If she gets a job soon, she says, she might still stay at her parents’ home. “It’s really well situated, it’s really familiar, and I have lots of things I missed while away at school. I missed having my cat sleep with me. And having our dog in the backyard. It feels really secure here. So many things change all at once after you graduate, so it’s nice to have this one constant in your life.”

McQuaide, an only child, says she was “kicked out of her childhood room” during her freshman year at college, when her parents converted it to a guestroom. Now she sleeps in what was once the attic -- a large space with its own bath. It suits her just fine.

“My old bedroom was right next to my parents’ room in the back of the house. They’d hear me every time I walked down the hall, when the floorboards squeak. The attic is at the other end of the house; it’s like my own private apartment.”

Ideally, McQuaide says, she’d like to work for a few years and then go to law school at Stanford or Berkeley. “Now, I can save money for that.” She pays no rent, she says, but she’s expected to help around the house. “I do the dishes, feed the animals.” She drives the car that was hers before she went to college.

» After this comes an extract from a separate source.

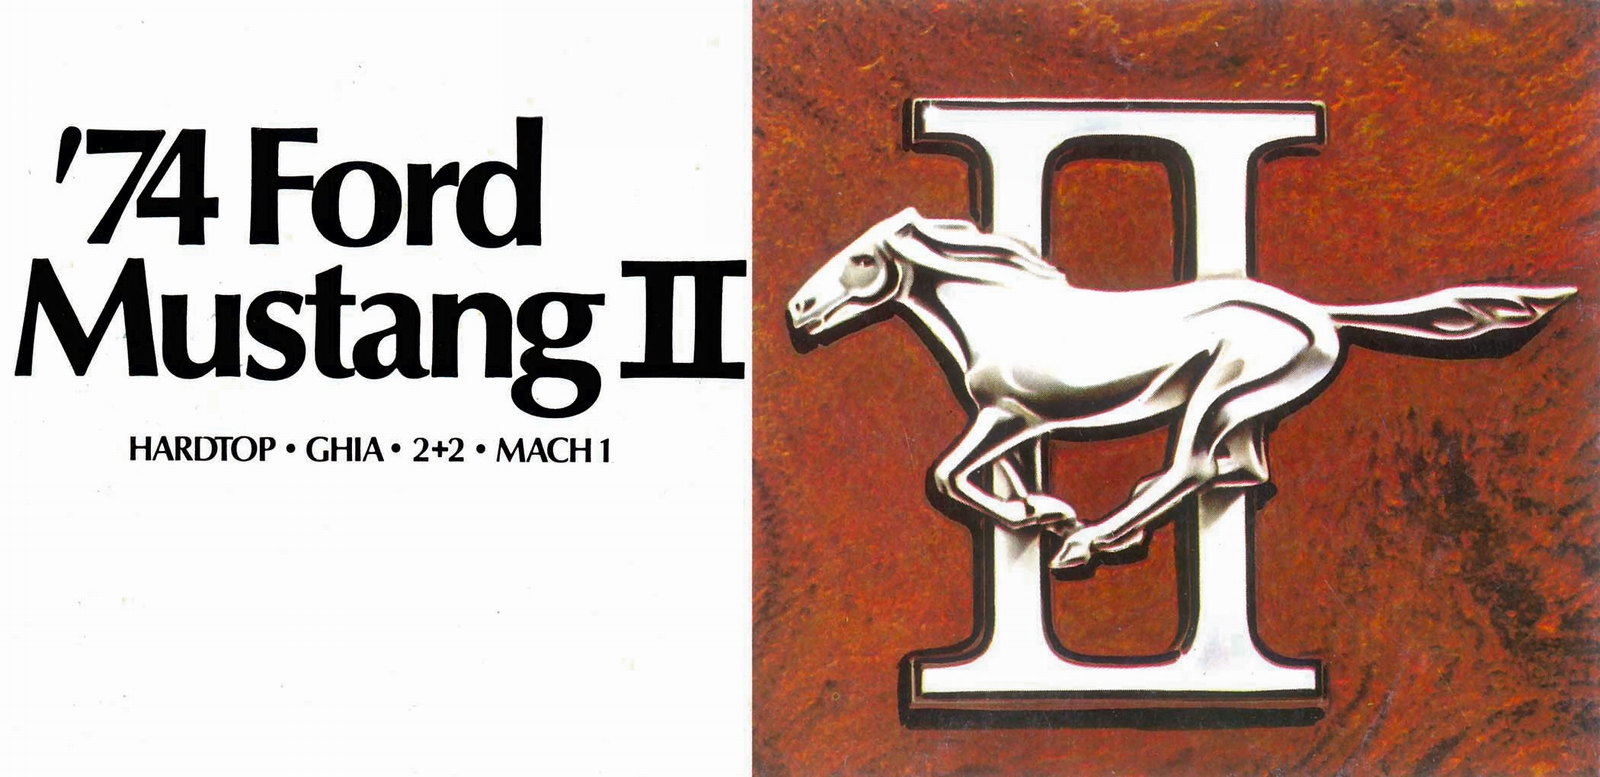 n_1974 Mustang II Folder-01.jpg

The drawback, McQuaide says, is that “I’ve had to give up a certain measure of independence, which feels like a step backward. My parents would definitely want to know if I’m going to be out late, because if they go to bed and I’m not home, they’re worried. And we’ll eat dinner as a family sometimes before I go out ... whereas in college if I wasn’t hungry I could eat when I got home.” On the bright side, she says, she doesn’t have to pay all the bills and keep her refrigerator stocked.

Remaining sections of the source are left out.